Is Proxmox 1.9 more reliable than Proxmox 2.3?

Cayuga

Renowned Member
May 3, 2011
86
0
71
Last night we saw about 14 out of 80+ machines hang. Most had the "unable to connect to VM XXX socket - timeout after 31 retries" problem when we went to see what was wrong with them, but a few had the "hda: lost interrupt" problem (when VM's crash here, it's almost always one of these two errors).

These are all systems that ran for months at a time in Proxmox 1.9 and after 3 months, none of them have been able to run for a whole month in Proxmox 2.x (most recently 2.3). We've tried both local and shared storage without any noticeable difference.

Are we doing something wrong? Is Proxmox 1.9 more stable than Proxmox 2.3?

Where should I be looking to track this down?

Thanks!
 
1.9 is EOL already. if you have any issue with latest 2.x you need to analyze it.

if you can´t find the cause, our support team can assist (if you have a valid subscription).
 
1.9 is EOL already. if you have any issue with latest 2.x you need to analyze it.

if you can´t find the cause, our support team can assist (if you have a valid subscription).


A couple of questions come to mind. Are these machines with hardware or software raid? What type of drives, SAS or just sata. The HDA disconnection is indicating a problem with the drive, drive controller, driver or interaction of all the above and memory issues. If you are losing HDA, it will not make any difference if you are on shared stortage since local OS and configuration information is stored on the local machine.

Since it was subset, were the ones that went down KVM vs CT and which ones indicated the HDA problem. There could be marginal sector developing on the drive.

Depending on make and vendor, I know that HP has been having lots of firmware updates for Raid Controllers and various SAS and Sata drives to prevent heads parking or going to places where you do not want them to go and having a bad things happen. Last month HP updated a very large portion of server drives with firmware updates. Those are segate and wd drives.

Are all firmwares uptodate that pertain to bios, raid controllers and drivers.

Run some good disk diag utilities against the drives and run memtest to rule out any potential memory issues. I know there have been some threads where people have had troubles with 2.3 such as with backup and it all came down to the memory used in the machine was not up to the job.
 
Thanks for the suggestions. The hardware is a mixture of IBM Bladecenter Blades and Dell Bladeserver Blades. Local storage is all SAS mostly individual drives, but some RAID1. Network storage is a CEPH cluster. All of the machines that died last night were KVM. I'm thinking back over the problems we've had in the last 6-8 weeks and I don't remember any CT hangs, but I'll keep a close eye on that going forward.
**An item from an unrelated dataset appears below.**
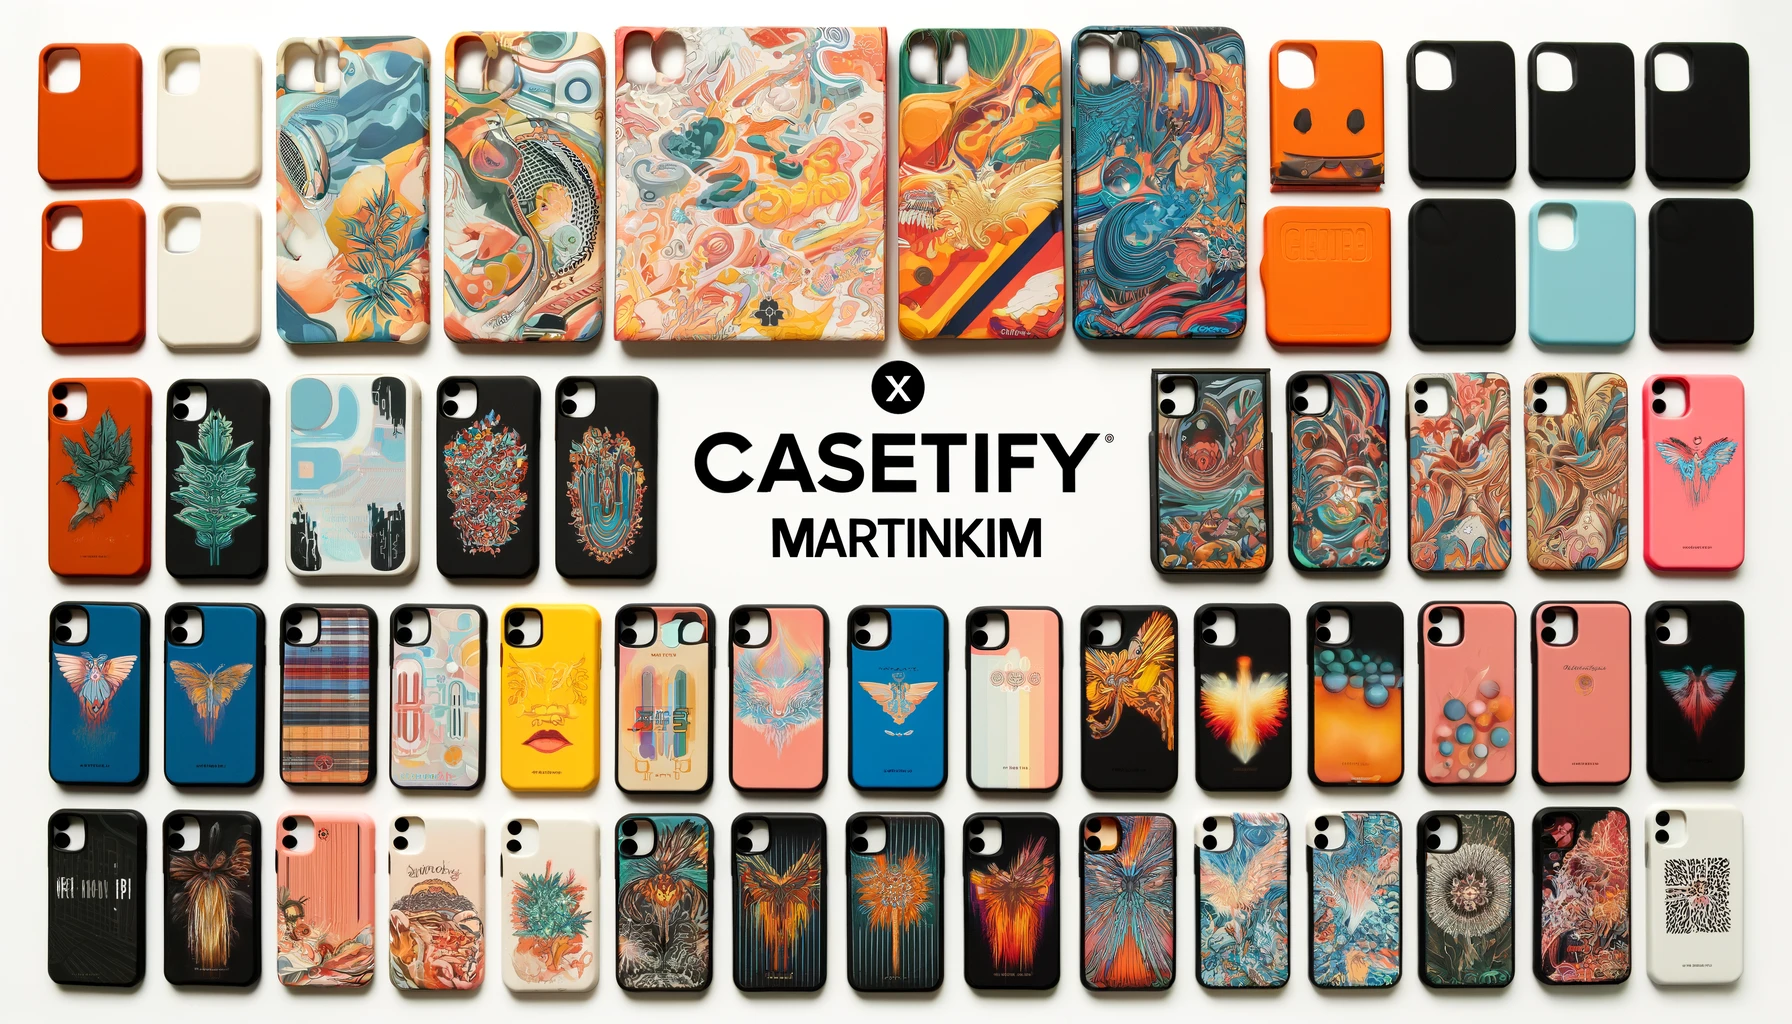 An image displaying the various types of iPhone cases from the CASETiFY x MartinKim collaboration. Show a variety of case designs with vibrant and trendy aesthetics. Include the text 'CASETiFY x MartinKim' prominently in the image.

FYI - this is a 6 node PVE cluster and we say failures on at least 4 nodes. My experience has been that we'll be fine for 4-10 days and then have a bad night (like last night) and then fine again for days at a time. While we have had the occasional HDA and/or Socket problem during the day, we've never had a bunch of them during the day, only at night and therefore might be related somehow to backups as those run at night.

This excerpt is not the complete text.